--- SUPPLIED MATERIAL ---

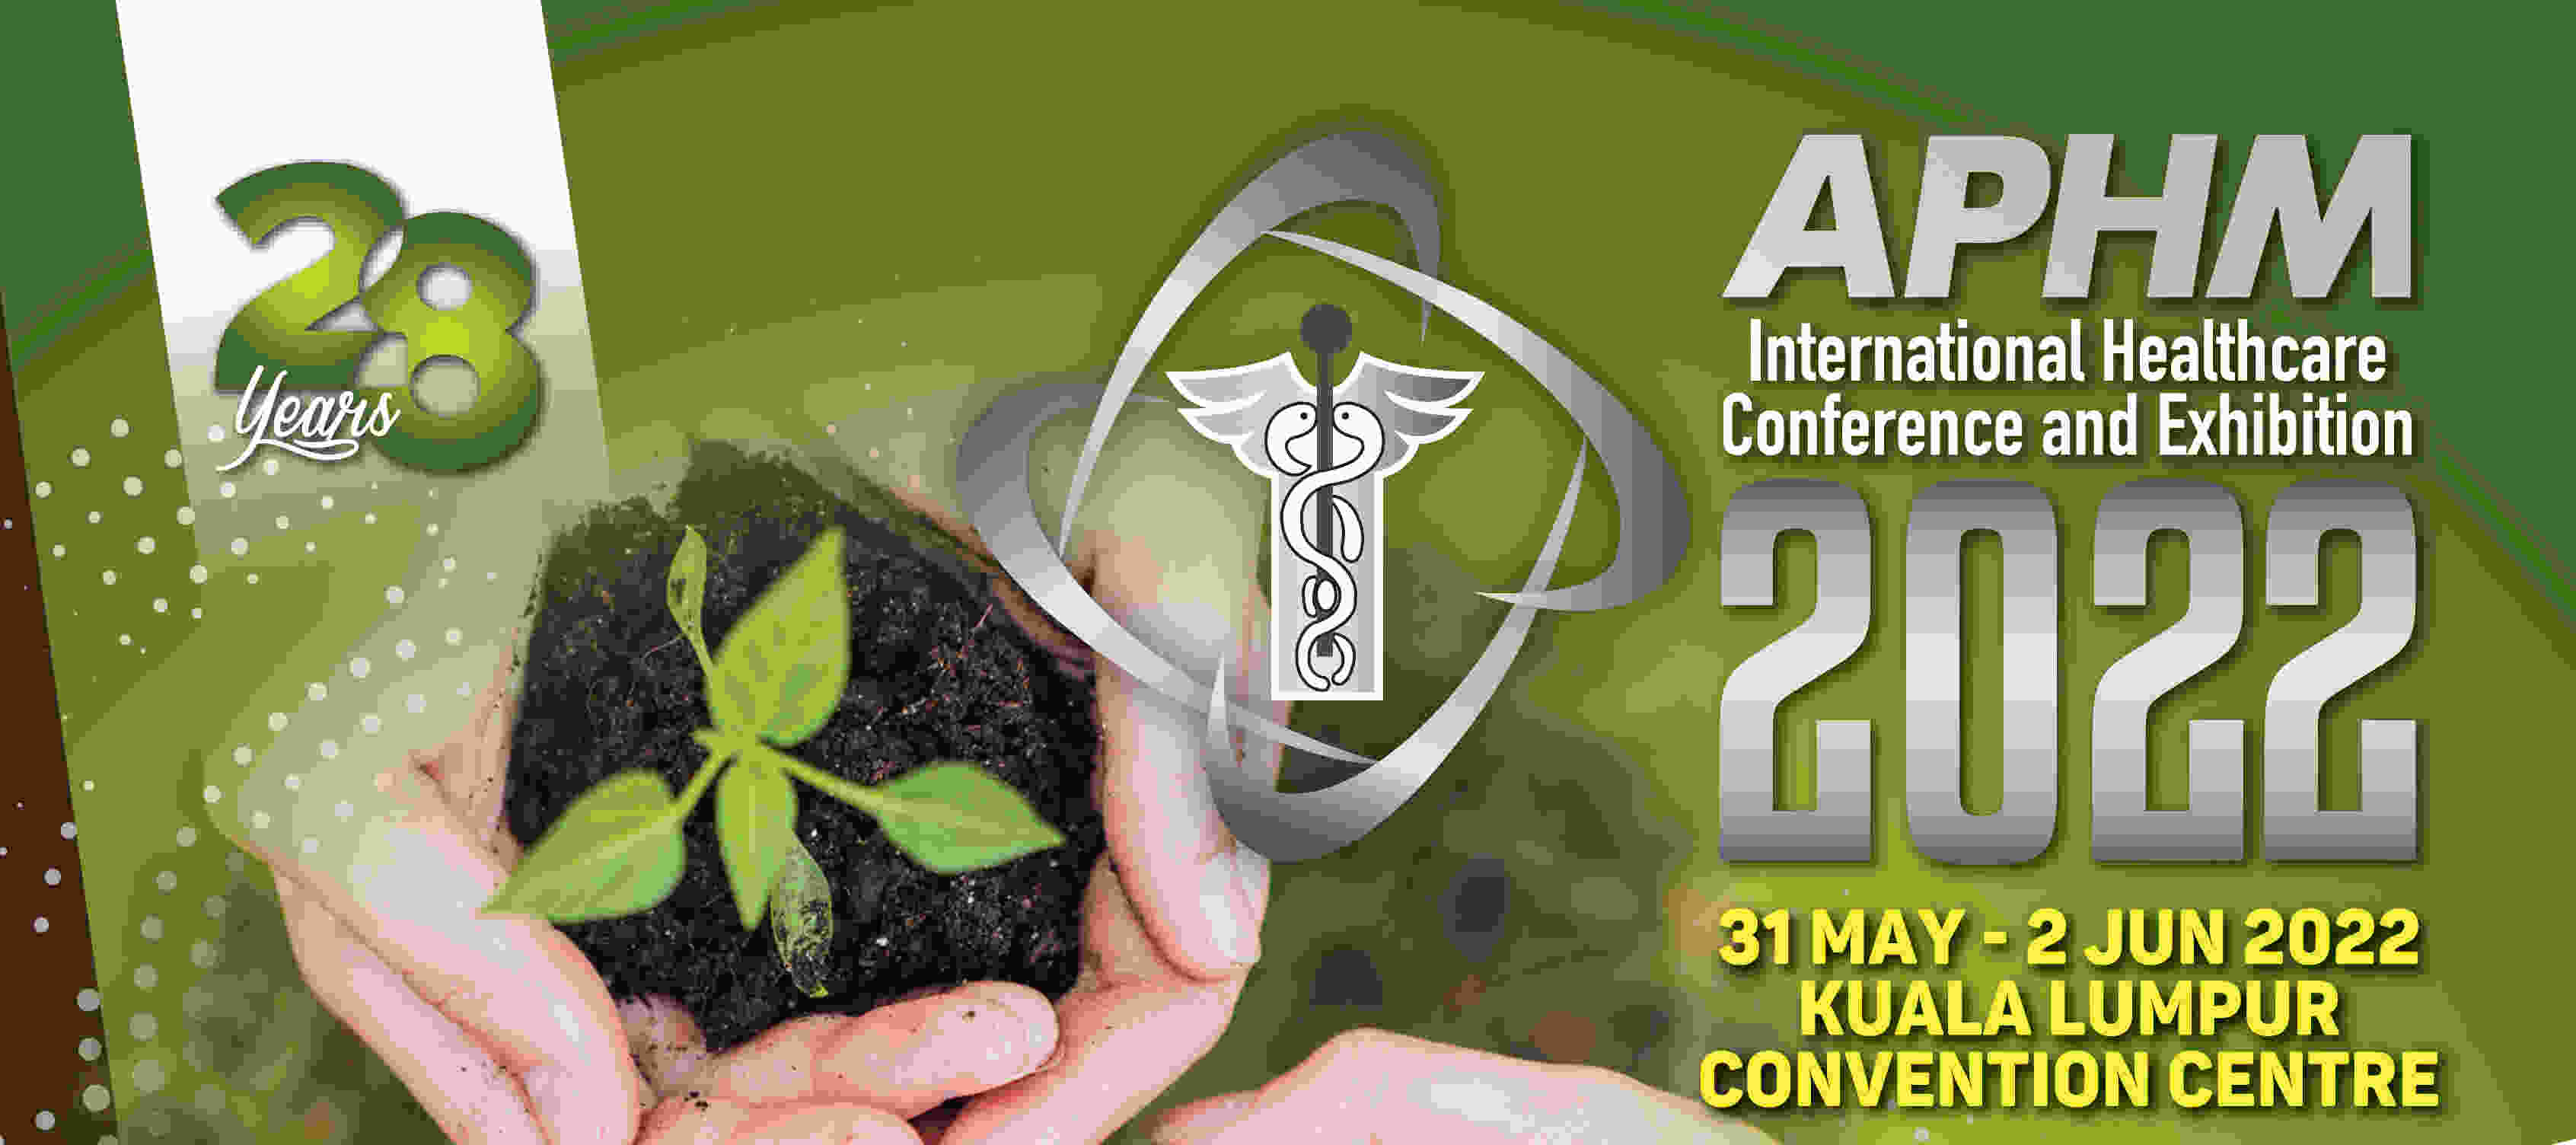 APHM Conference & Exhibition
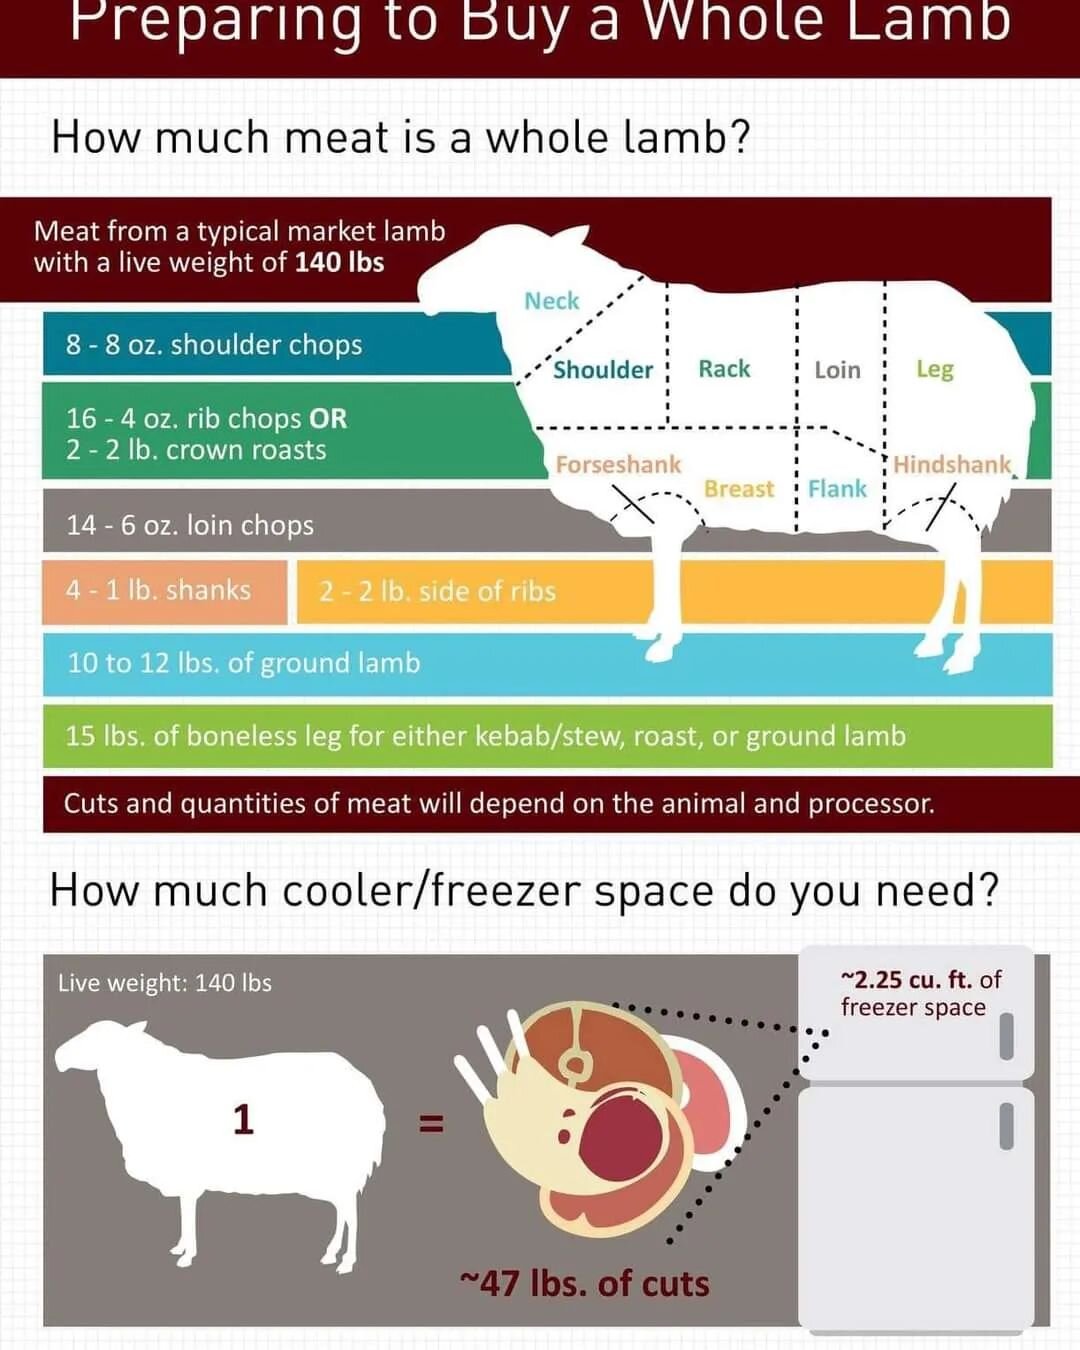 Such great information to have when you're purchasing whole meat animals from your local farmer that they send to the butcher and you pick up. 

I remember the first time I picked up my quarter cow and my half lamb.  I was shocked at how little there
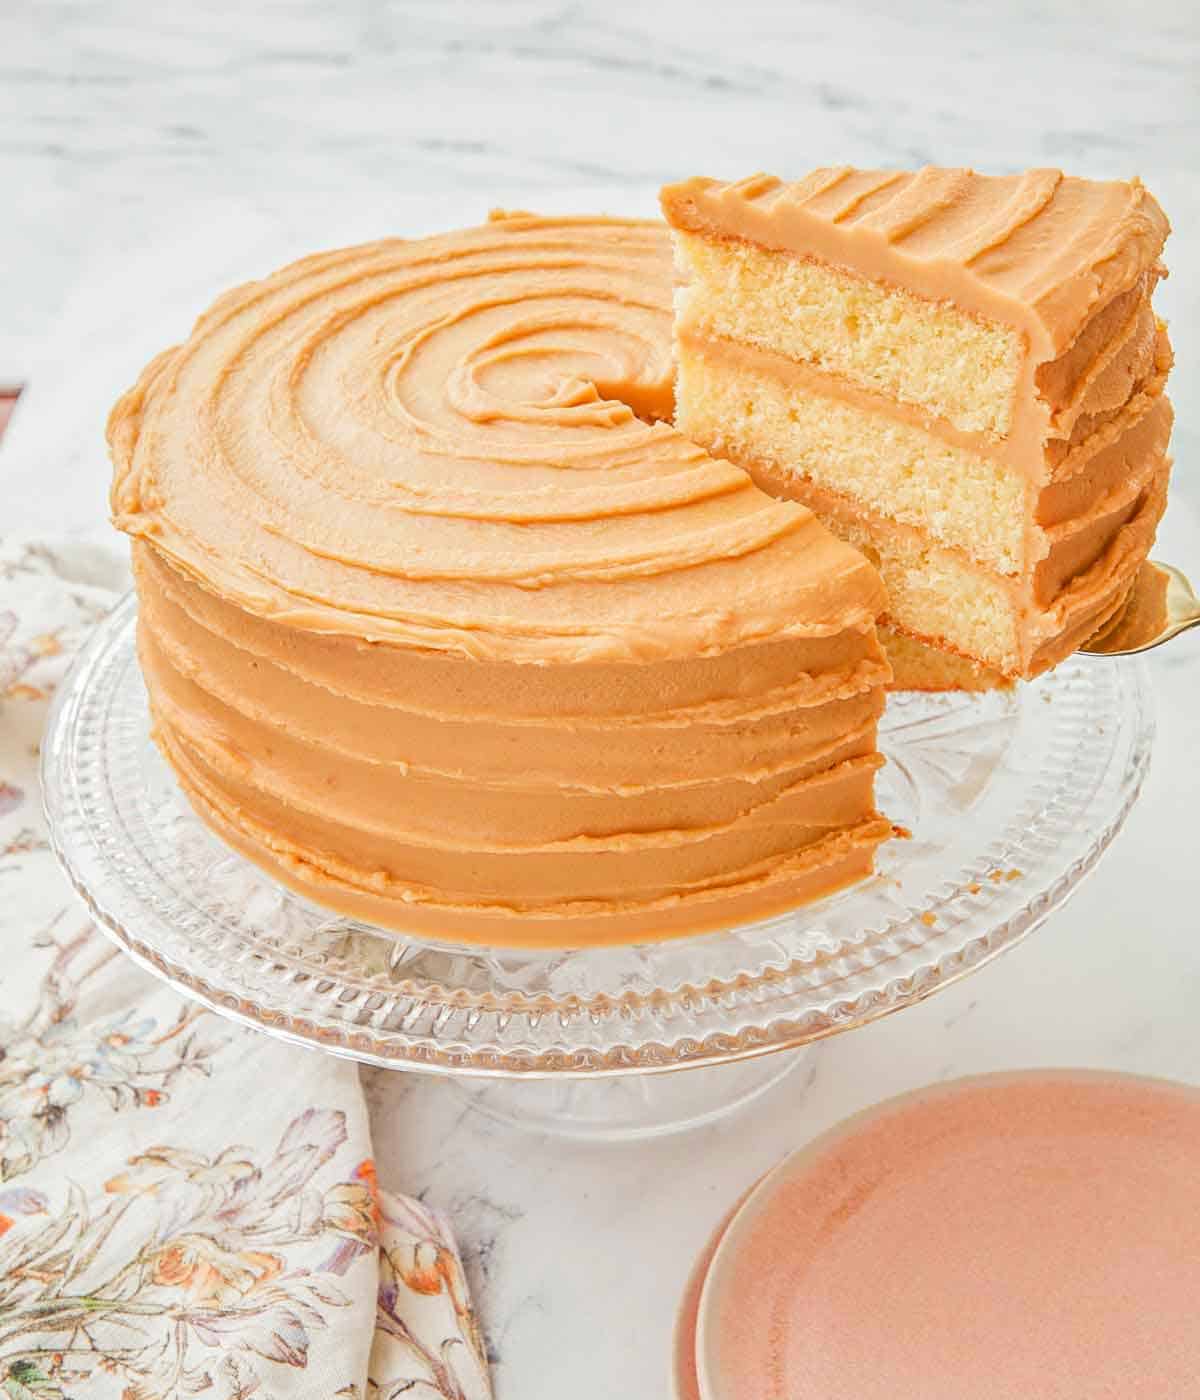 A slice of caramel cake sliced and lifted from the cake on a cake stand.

---

DIRECTIONS FOR THIS TASK: A verbatim copy is needed of the lines running from the line with "I remember the" to the end of the data above, both included. Keep the pictures out of it.

TASK ANSWER:
I remember the first time I picked up my quarter cow and my half lamb.  I was shocked at how little there
 A slice of caramel cake sliced and lifted from the cake on a cake stand.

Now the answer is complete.